Posted at 10:45 PM, Oct 10, 2013
and last updated 2013-10-10 23:54:00-04

(CNN) — A paramedic who responded to a horrific, deadly fertilizer plant explosion in West, Texas — and who later spoke at a memorial for its victims — pleaded guilty Thursday after accusations he possessed materials to make a pipe bomb.

Bryce Reed pleaded guilty to conspiracy to possess a destructive device and attempted obstruction of justice, according to his lawyer Jonathan Sibley.

In August, McLennan County Criminal District Attorney Abel Reyna said he hadn’t seen “credible evidence” linking Reed’s possession of a prohibited weapon to the April 17 blast at a West Fertilizer Company facility.

A fire led to the ammonium nitrate explosion, which killed 15 people — most of them firefighters and paramedics — and devastated West, a small town about 20 miles north of Waco and 75 miles south of Dallas.

Dozens of homes, two schools and a nursing home suffered significant damage in the blast, which was so big that seismographs registered it as a small earthquake.

Reed was among the emergency workers who responded to the site.

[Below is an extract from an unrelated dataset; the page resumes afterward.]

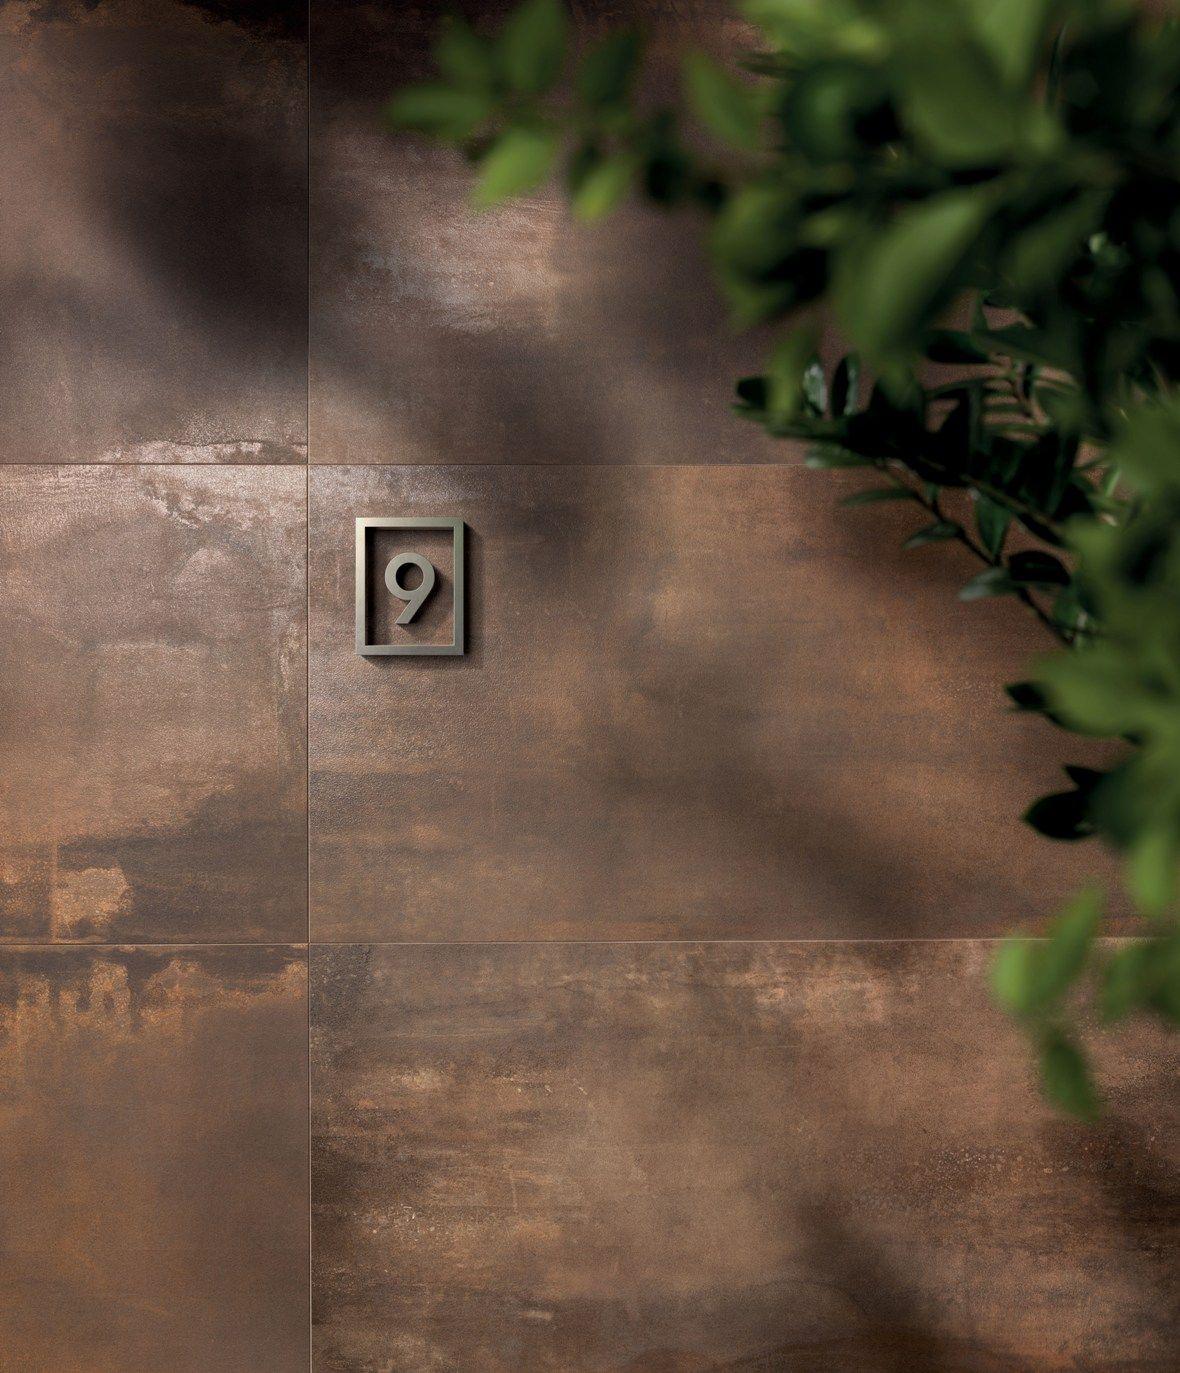 Interno 9 abkemozioni colore rust leleganza della semplicit si interno 9 abkemozioni colore rust leleganza della semplicit si amalgama all dailygadgetfo Choice Image

He was vocal afterward as well, speaking to reporters and at a memorial service at Baylor University for the blast’s victims.

“There’s no way I would have ever dreamed that this would have happened,” Reed told CNN’s “AC 360.” “I mean, it’s profound and it’s dire, and it hurts like hell.”

Yet Reed himself became a target of authorities after components of a pipe bomb were found at a residence, according to a criminal complaint affidavit.

The officers determined that Reed had given the materials — including galvanized metal pipe, a fuse, coils of metal ribbon and several bags of chemical powders — to that home’s resident.

In a statement, Reed’s lawyers stressed that neither the charge nor the plea agreement “have anything to do with the tragic explosion.”

He chose to plead guilty, they said, “to accept full responsibility for what he believes is his role in the allegations against him” and avoid a drawn-out trial.

“Finally, … Mr. Reed believes that continuing to draw out this process will be a distraction to the most important issue, the losses suffered by the heroes, friends and loved ones in the West community,” his lawyers said.